= Caleb Rich =

American minister

Caleb Rich (born 1 August 1750) was an American minister who was influential in the formation of the Universalist Church.

Rich was born in Sutton, Massachusetts in 1750 and was the son of Rev. Elisha Rich and Mary Davis. His father being a Baptist and his mother an adherent of the "Standing Order," he probably became accustomed to hearing discussions of religious questions in his boyhood. He had a speculative and inquiring mind, and as appears readily accepted the views of the opposers of orthodoxy of the day in general, although on special points of doctrine he held views peculiar to himself. He was nominally a Baptist, and retained his connection with that denomination until after his removal to Warwick at about twenty-one years of age in 1771.
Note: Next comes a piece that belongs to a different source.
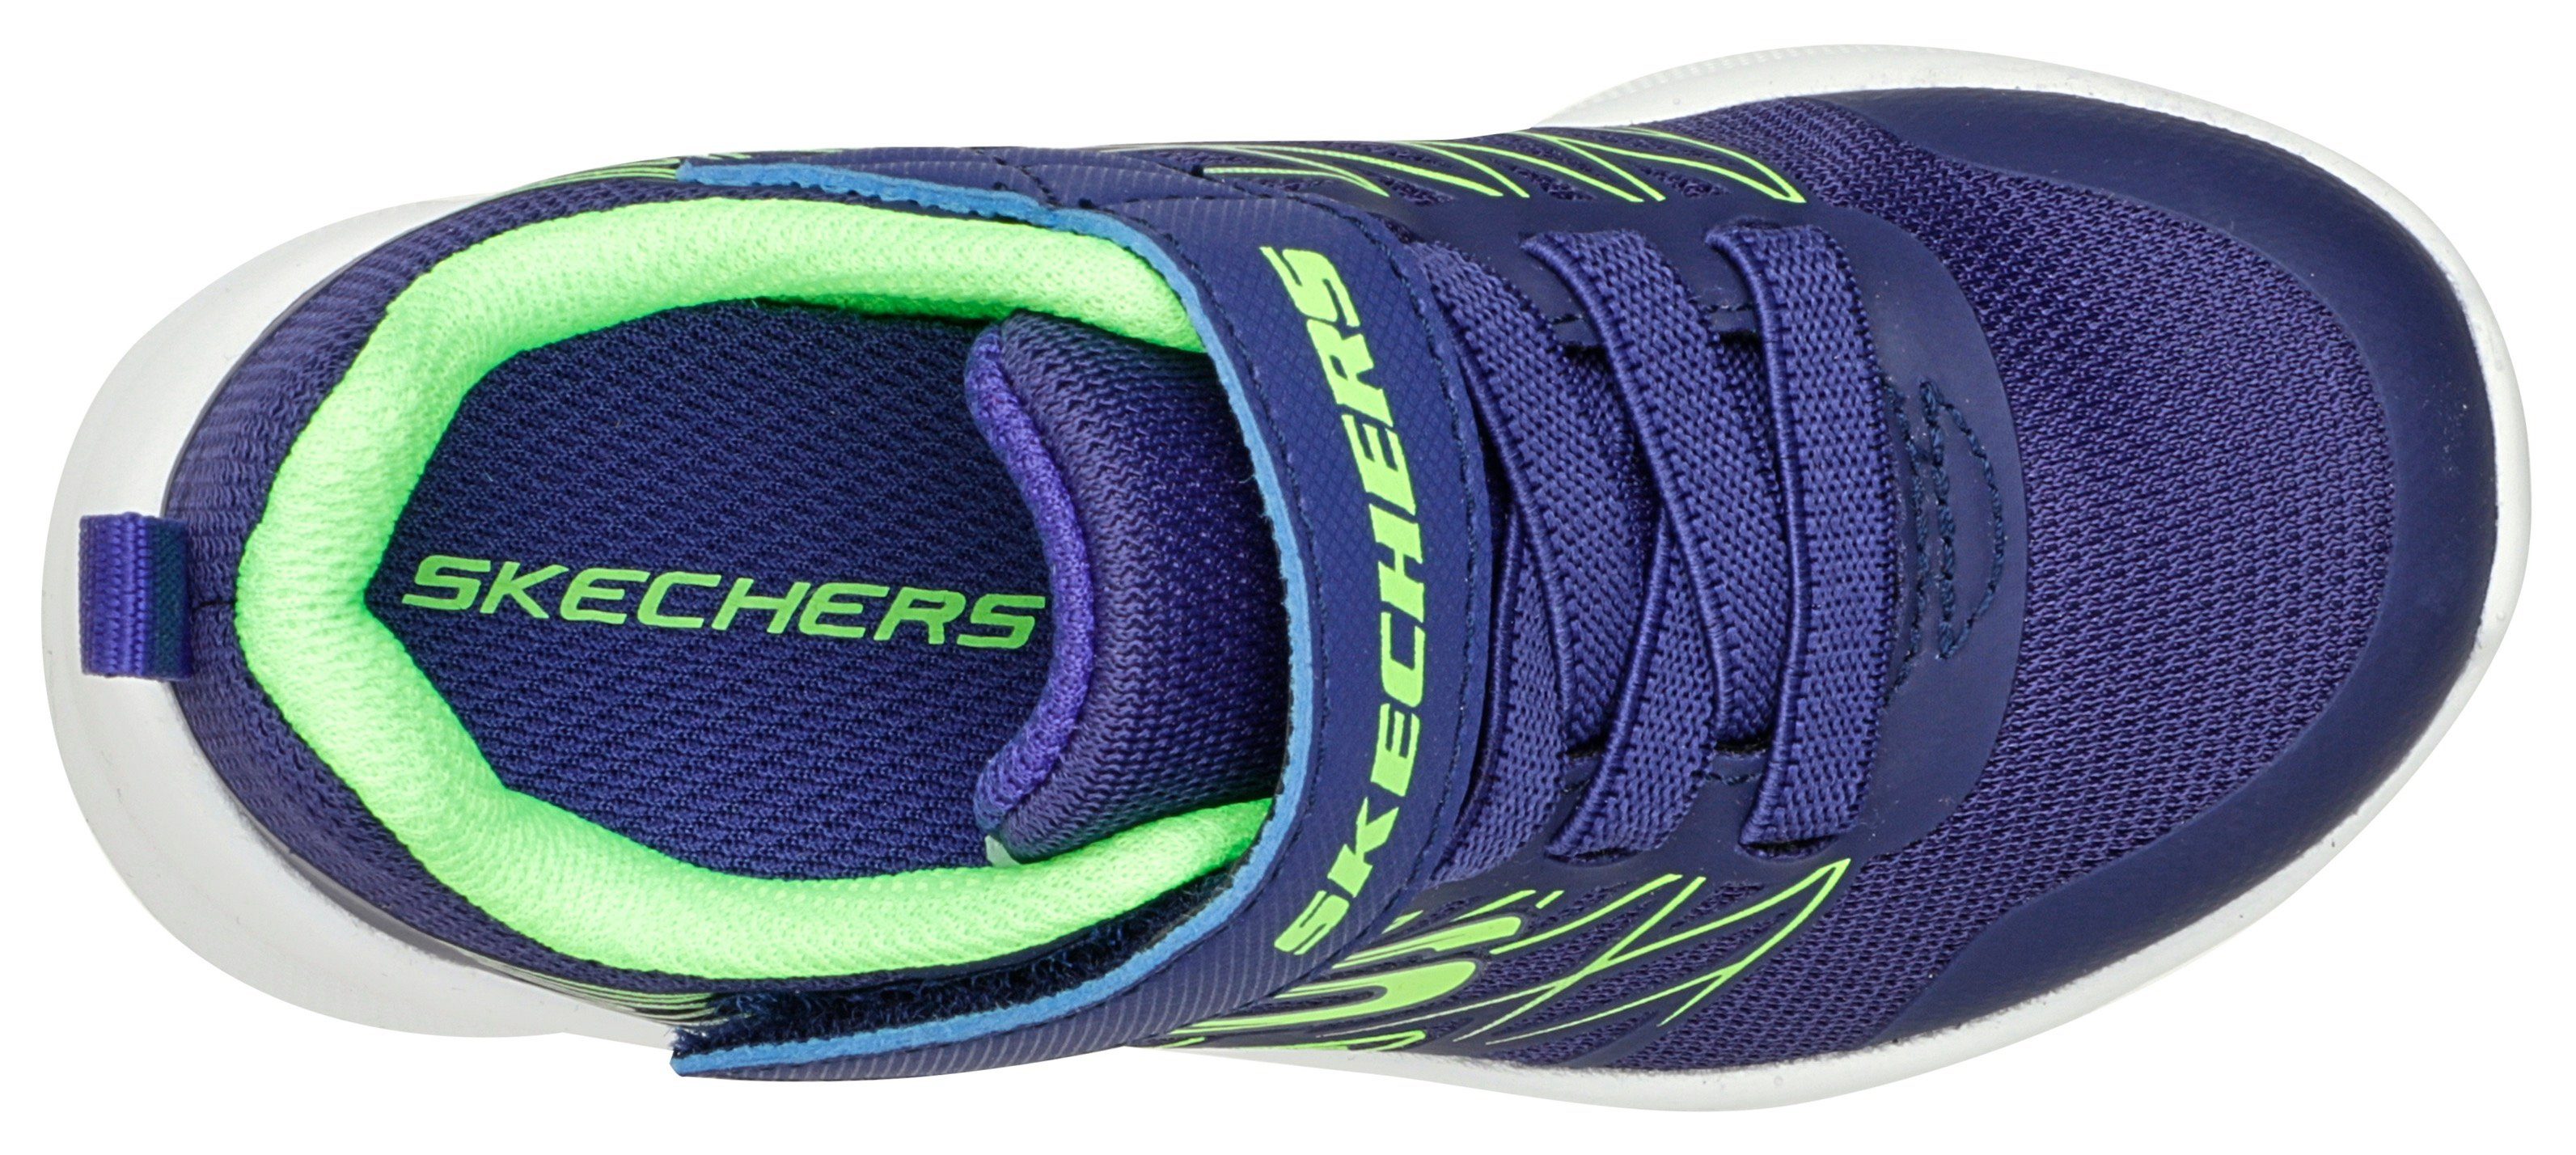 Skechers Kids MICROSPEC TEXLOR leichter Sneaker mit Laufsohle

Rich struggled with the question of which denomination was correct, and the thought of everlasting suffering if he joined the wrong one. He decided to disregard any human teacher, and to study the Bible exclusively. In Warwick, he began to have visionary experiences which confirmed that he was to ignore human teaching or denominations. These experiences, along with his Bible study, also convinced him that everyone would eventually be saved. His peculiar notions became so offensive that he and also his brother Nathaniel were brought before the church "for errors in doctrine," and on the charge, were set aside. Soon after, in 1773, these brothers with one or two associates formed the new society at Warwick, and Caleb became the minister.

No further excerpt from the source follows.